§ **Task goal**: Given the entries below, would you transcribe exactly the lines starting at the one with "image 9 - Duplex" and ending at the one with "auf den Demos!", both kept, pictures omitted, nothing extra?

§ **Excerpted data**:
##############################

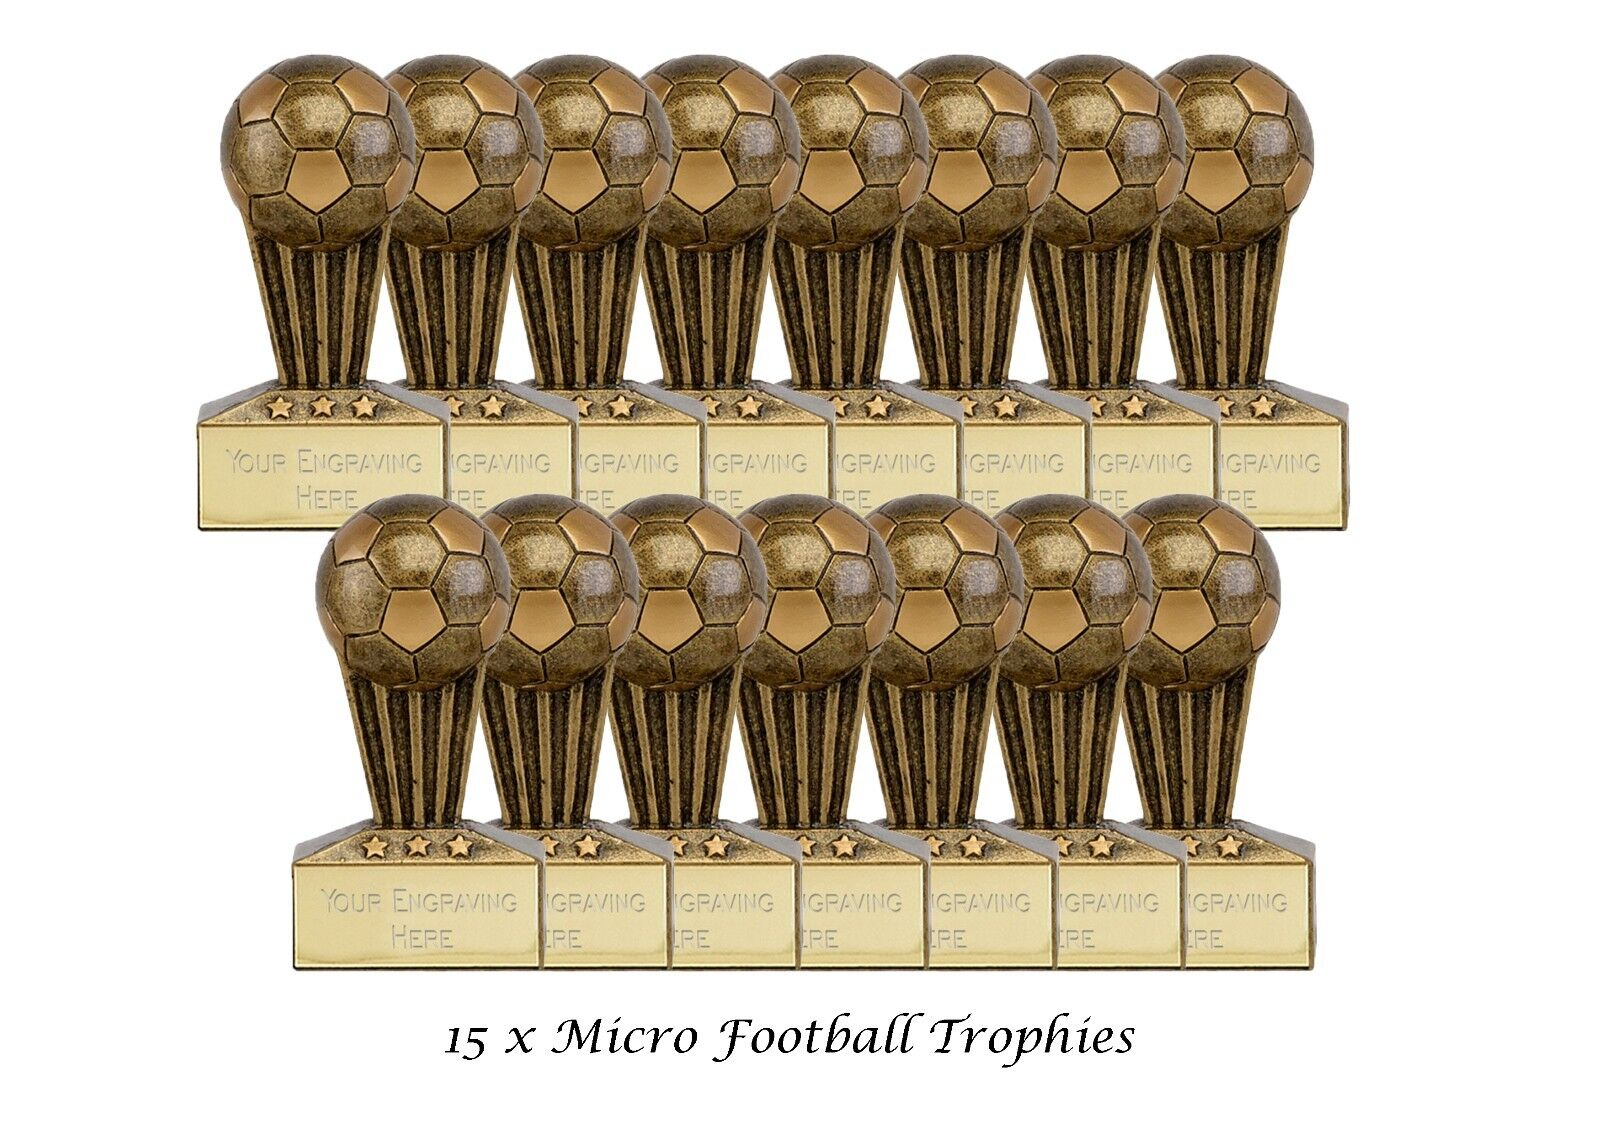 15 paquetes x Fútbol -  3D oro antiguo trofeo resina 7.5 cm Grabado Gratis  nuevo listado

##############################

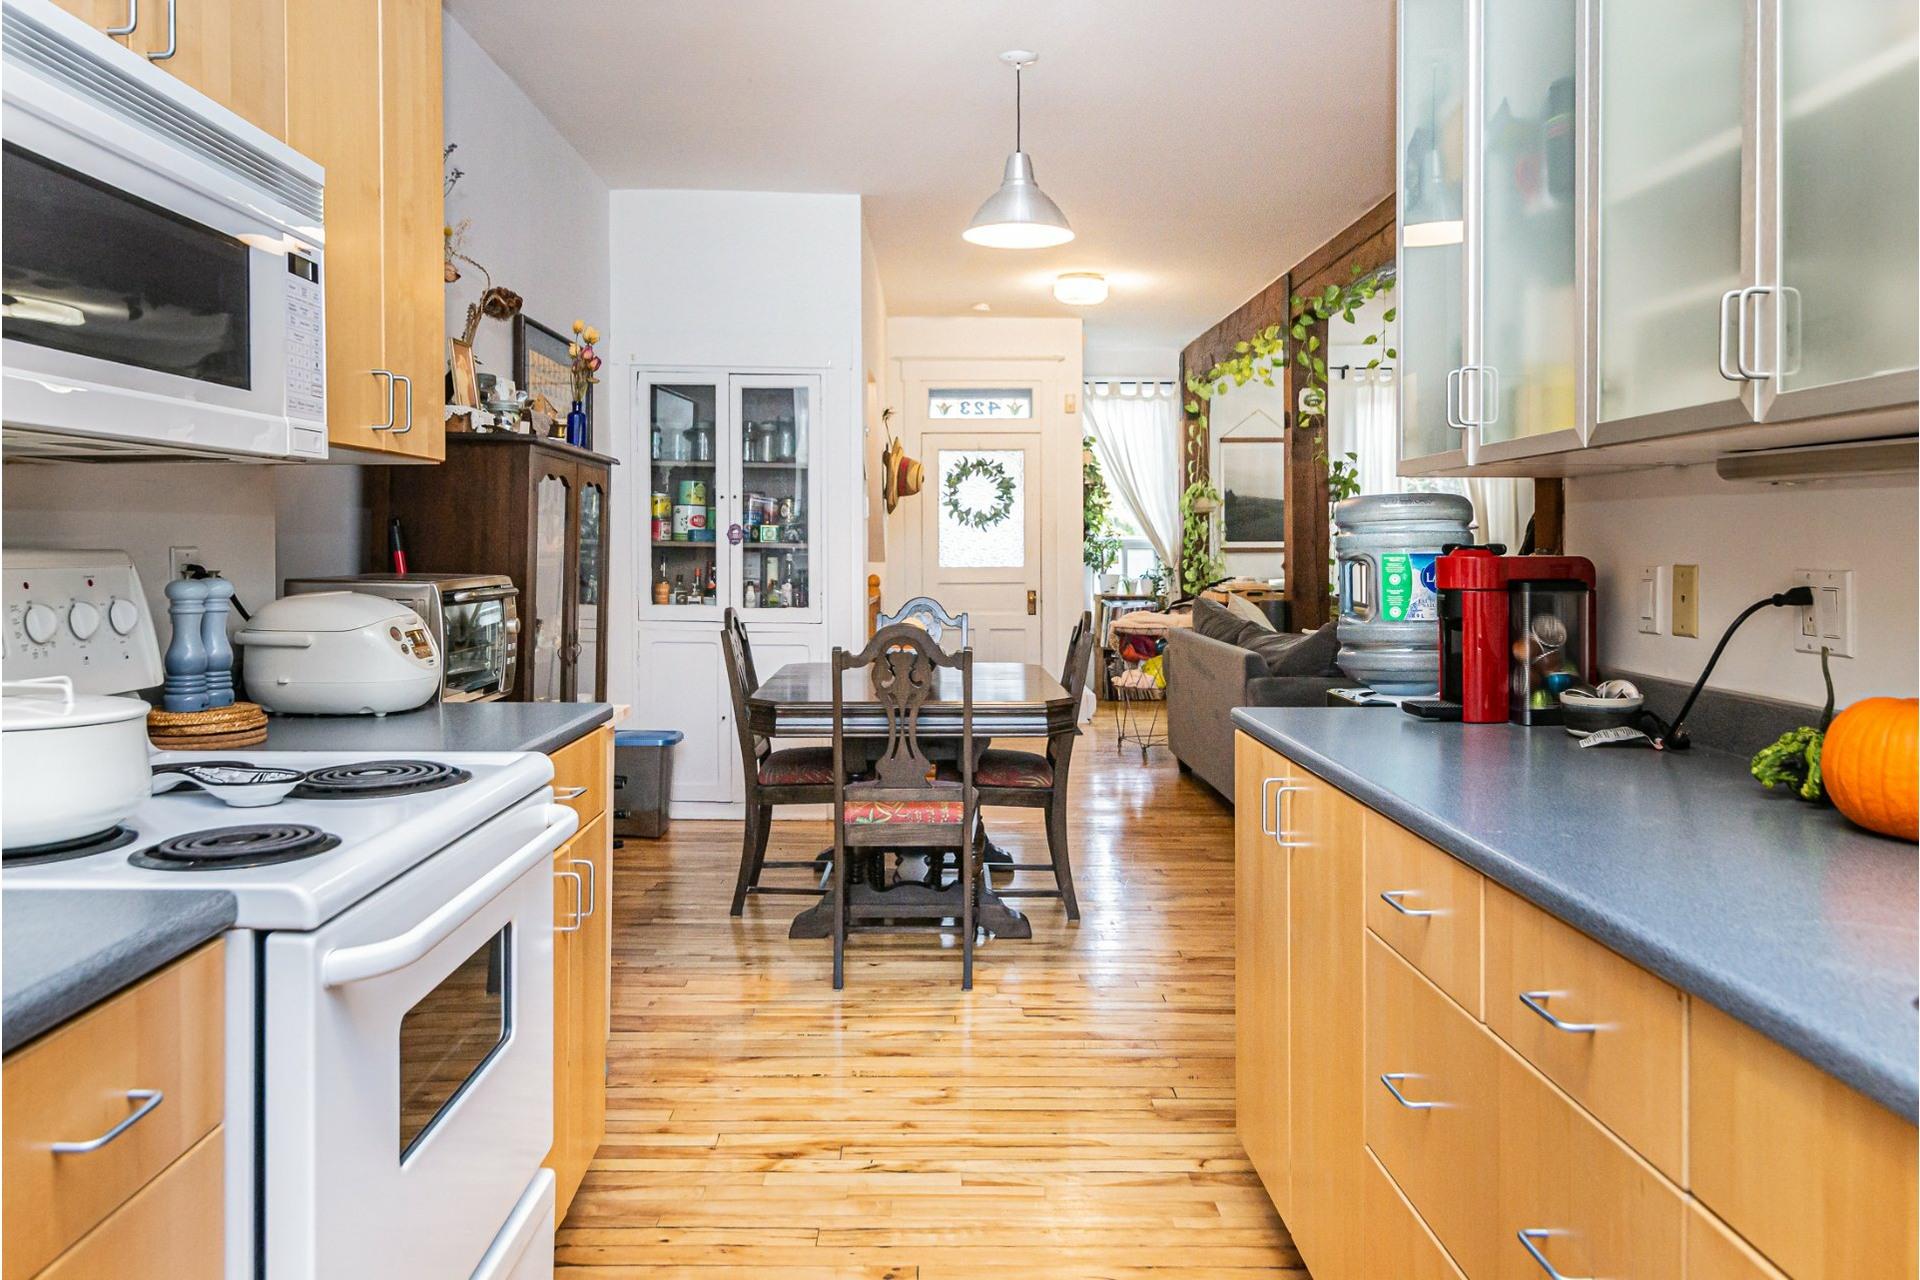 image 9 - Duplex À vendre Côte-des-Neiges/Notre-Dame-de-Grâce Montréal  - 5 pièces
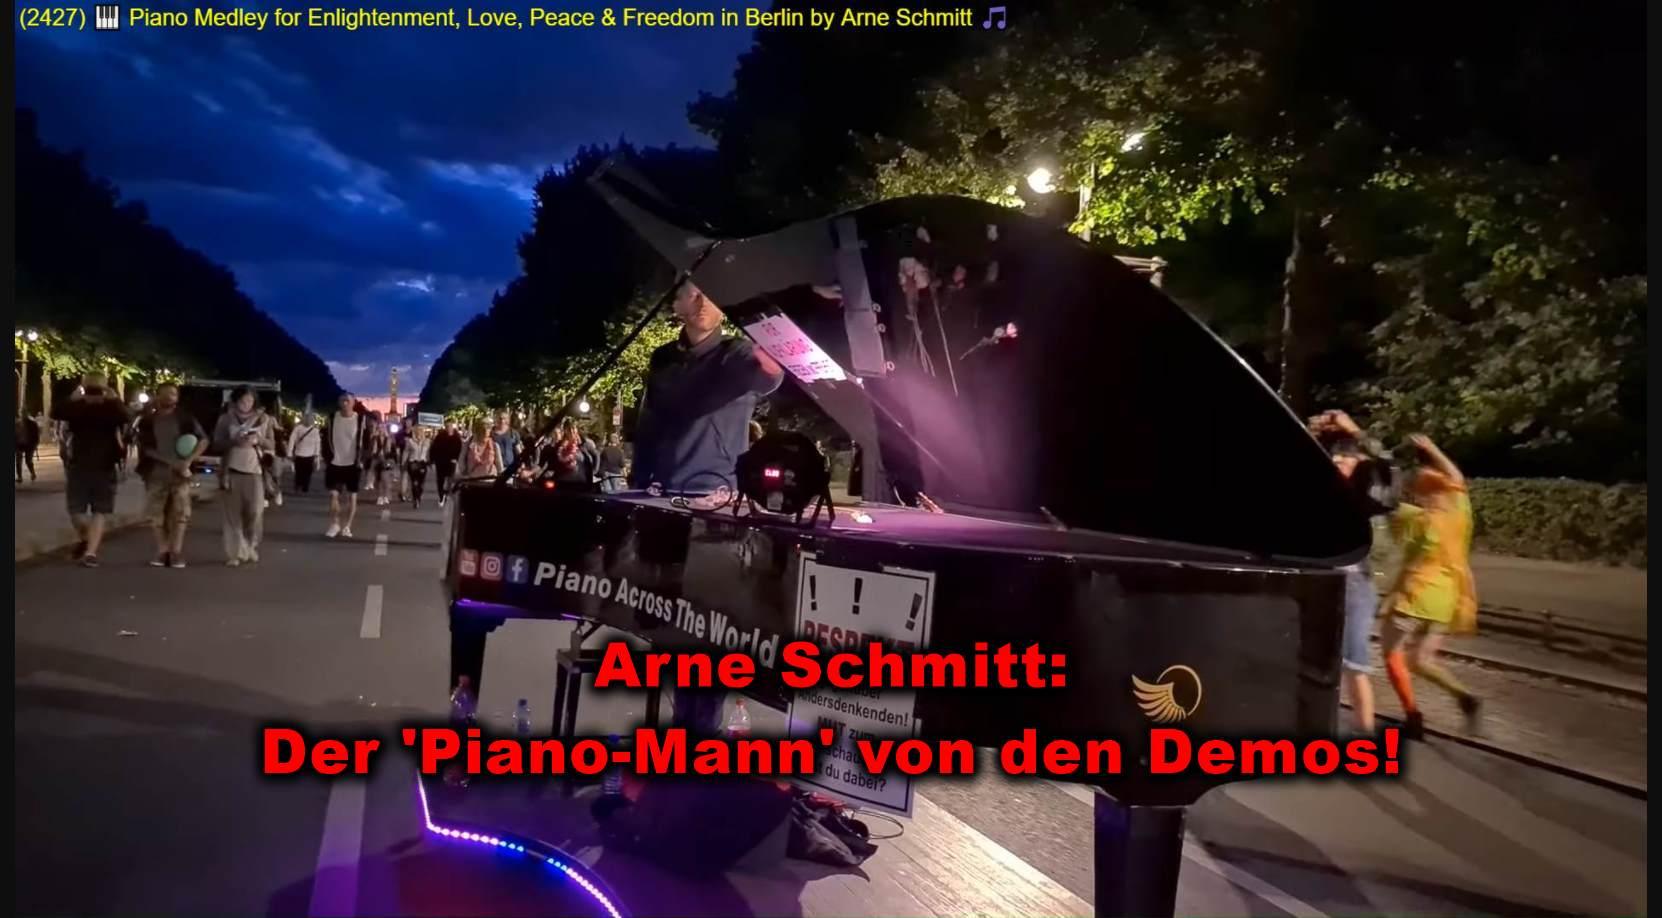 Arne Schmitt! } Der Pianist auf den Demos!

##############################

§ **Exercise answer**:
 image 9 - Duplex À vendre Côte-des-Neiges/Notre-Dame-de-Grâce Montréal  - 5 pièces
 Arne Schmitt! } Der Pianist auf den Demos!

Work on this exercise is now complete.